Ok google drive and permalink etc is all Hebrew to me but I’m learning. A little over a year ago I had no idea any of this existed. Now I’m making pedals and figuring out photoshop and wet slides etc. I’ll check into the google drive permalink thing and see if I can get that one under my belt. My wife said she’s starting to see a lot of smoke coming out of my ears lately.


----------



## benny_profane (May 17, 2020)

dlazzarini said:


> Ok google drive and permalink etc is all Hebrew to me but I’m learning. A little over a year ago I had no idea any of this existed. Now I’m making pedals and figuring out photoshop and wet slides etc. I’ll check into the google drive permalink thing and see if I can get that one under my belt. My wife said she’s starting to see a lot of smoke coming out of my ears lately.


No worries at all! You’ve done more than enough already! The measurements are great and should do the job just fine.

If you are interested in working out google docs, I’d be happy to help though.


----------



## dlazzarini (May 18, 2020)

benny_profane said:


> No worries at all! You’ve done more than enough already! The measurements are great and should do the job just fine.
> 
> If you are interested in working out google docs, I’d be happy to help though.


----------



## dlazzarini (May 18, 2020)

I am interested. I’ll look into it tomorrow. Any questions I have I’ll shoot your way


----------



## dlazzarini (May 18, 2020)

benny_profane said:


> No worries at all! You’ve done more than enough already!

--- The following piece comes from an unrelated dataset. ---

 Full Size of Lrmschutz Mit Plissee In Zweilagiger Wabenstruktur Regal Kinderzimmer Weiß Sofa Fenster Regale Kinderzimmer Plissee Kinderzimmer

The measurements are great and should do the job just fine.
> 
> If you are interested in working out google docs, I’d be happy to help though.

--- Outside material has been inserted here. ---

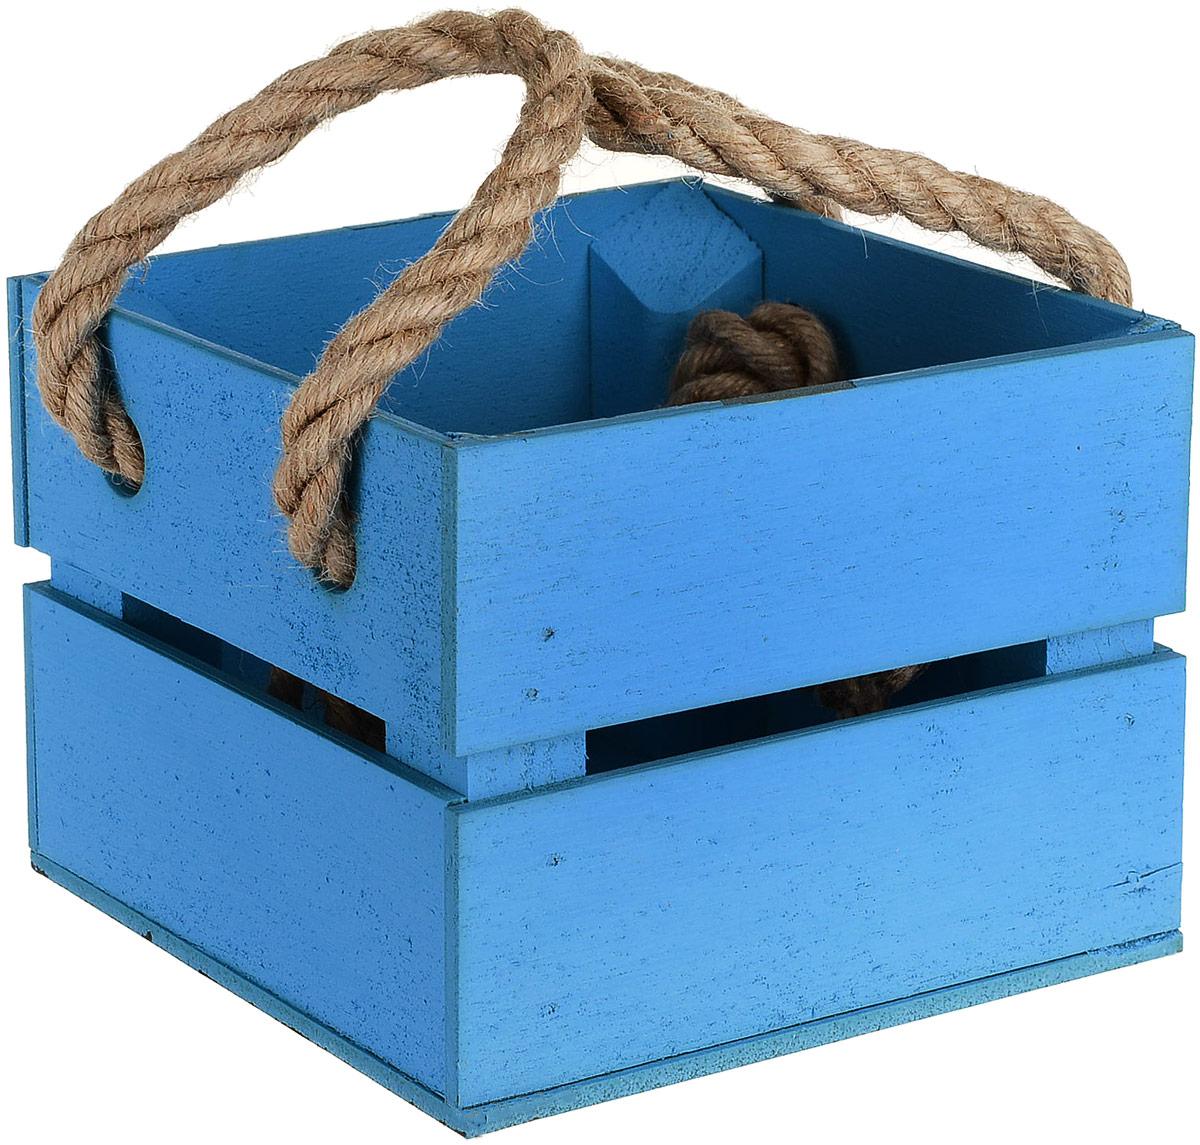 Кашпо ТД ДМ Ящик, цвет: голубой, 11 х 12 х 9 см кашпо тд дм ящик любовь флористическое 20 х 16 х 9 5 см

Template worked out great today. There’s even a little wiggle room to to move the jacks a smidge further away from the bottoms of the pots. You can also move the PCB a touch closer to the footswitch with the smaller pcb’s. The dust covers make getting the input jack a little tricky to get in. I’m not going to use the dust covers anyways because I don’t think it’s necessary on those two pots. I just wanted to see if the jacks would still fit. I had an old integral sitting around that I never got around to boxing.


----------